Tsai T H, Hung L C, Chen C F
Department of Pharmacology, National Research Institute of Chinese Medicine, National Yang-Ming University, Taipei, Taiwan.
J Pharm Pharmacol. 1999 Aug;51(8):911-5. doi: 10.1211/0022357991773339.

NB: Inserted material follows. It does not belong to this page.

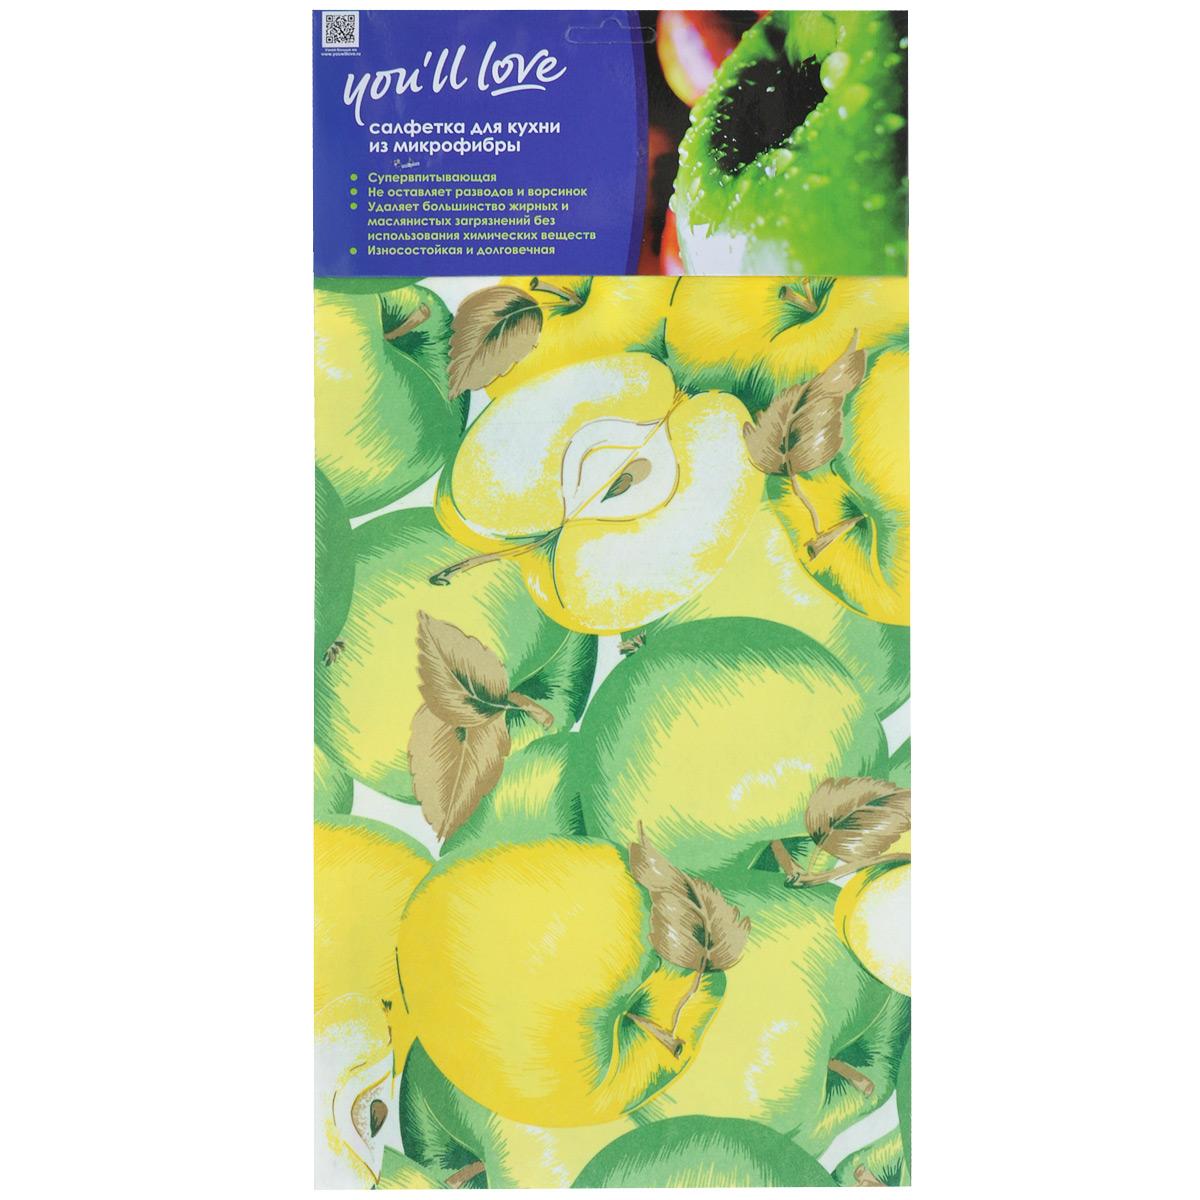 Салфетка для кухни Youll Love Яблоко, цвет: зеленый, желтый, 40 см х 60 см10503Салфетка Youll Love Яблоко, изготовленная из микрофибры (80% полиэстера и 20% полиамида), предназначена для очищения загрязнений на любых поверхностях. Изделие обладает высокой износоустойчивостью и рассчитано на многократное использование, легко моется в теплой воде с мягкими чистящими средствами. Супервпитывающая салфетка не оставляет разводов и ворсинок, удаляет большинство жирных и маслянистых загрязнений без использования химических средств. Размер салфетки: 40 см х 60 см.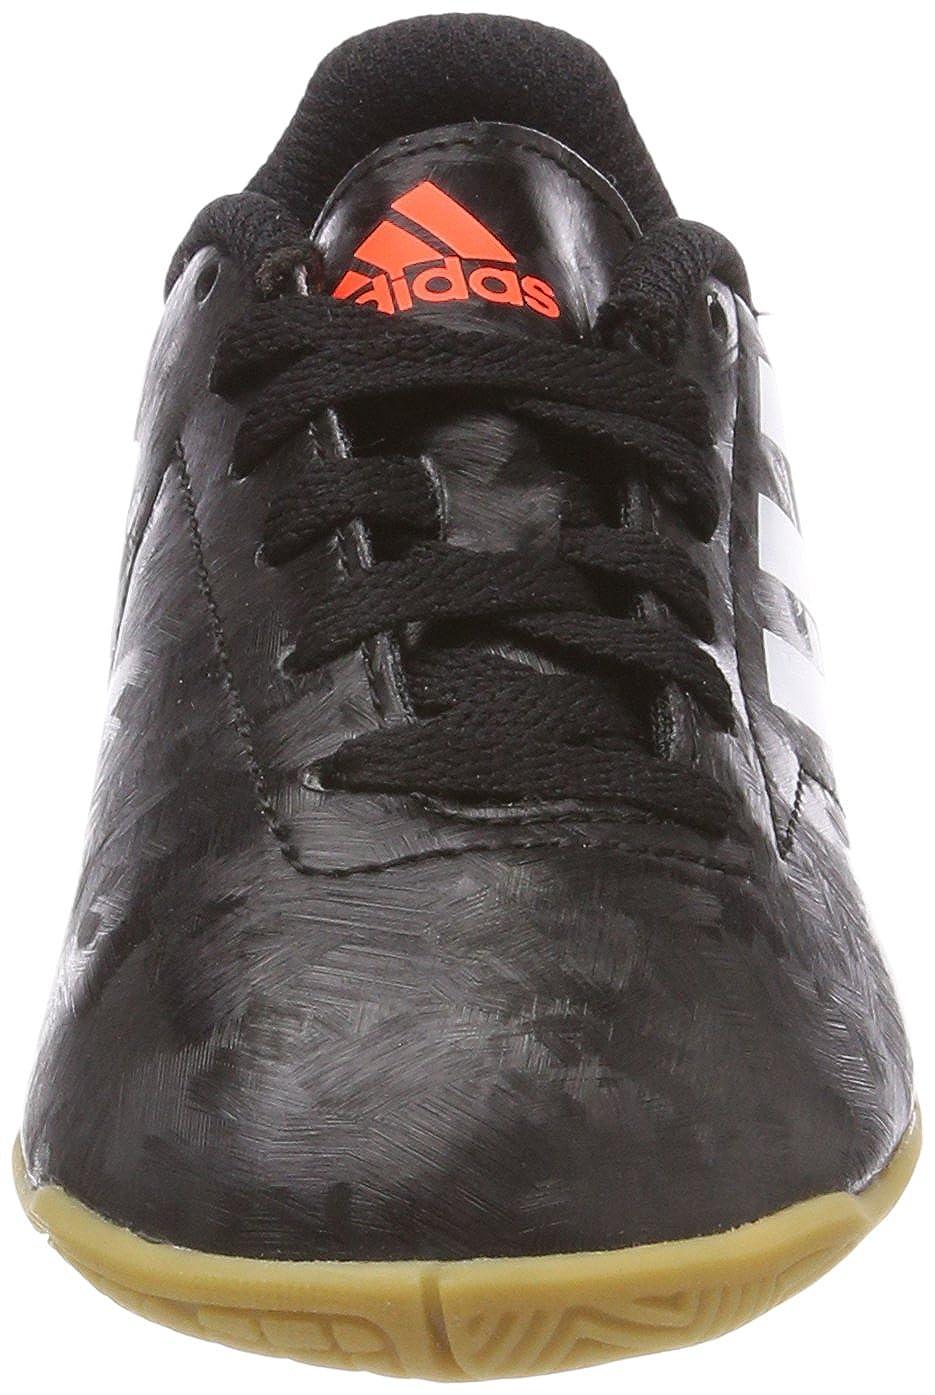 size 40 17b07 d3200 adidas Conquisto II In J, Zapatillas de Gimnasia para Niños Amazon.es Zapatos  y complementos

The biliary excretion of chloramphenicol and its glucuronide has been evaluated by use of a microdialysis probe linked to automatic on-line microbore high-performance liquid chromatography. The microdialysis probe was inserted into the bile duct between the liver and the duodenum; to avoid obstruction of the bile duct or bile salt waste, a shunt linear probe was used. After intravenous administration of chloramphenicol succinate (100 mg kg(-1)) the amounts of unbound chloramphenicol and its glucuronide in the bile microdialysate were recorded. According to the pharmacokinetic results disposition of chloramphenicol seems to fit a two-compartment model whereas that of chloramphenicol glucuronide fits a one-compartment model in rat bile. The area under the concentration-time curve for chloramphenicol glucuronide was twice that for chloramphenicol in rat bile duct. Clearance of chloramphenicol glucuronide was significantly higher than that of chloramphenicol in biliary excretion, indicating that chloramphenicol and its glucuronide are actively excreted into the bile.
通过使用与自动在线微径高效液相色谱相连的微透析探针,对氯霉素及其葡糖醛酸苷的胆汁排泄进行了评估。将微透析探针插入肝脏与十二指肠之间的胆管中;为避免胆管阻塞或胆盐浪费,使用了分流线性探针。静脉注射琥珀氯霉素(100 mg kg⁻¹)后,记录胆汁微透析液中游离氯霉素及其葡糖醛酸苷的量。根据药代动力学结果,氯霉素在大鼠胆汁中的处置似乎符合二室模型,而氯霉素葡糖醛酸苷符合一室模型。大鼠胆管中氯霉素葡糖醛酸苷的浓度-时间曲线下面积是氯霉素的两倍。在胆汁排泄中,氯霉素葡糖醛酸苷的清除率显著高于氯霉素,表明氯霉素及其葡糖醛酸苷被主动排泄到胆汁中。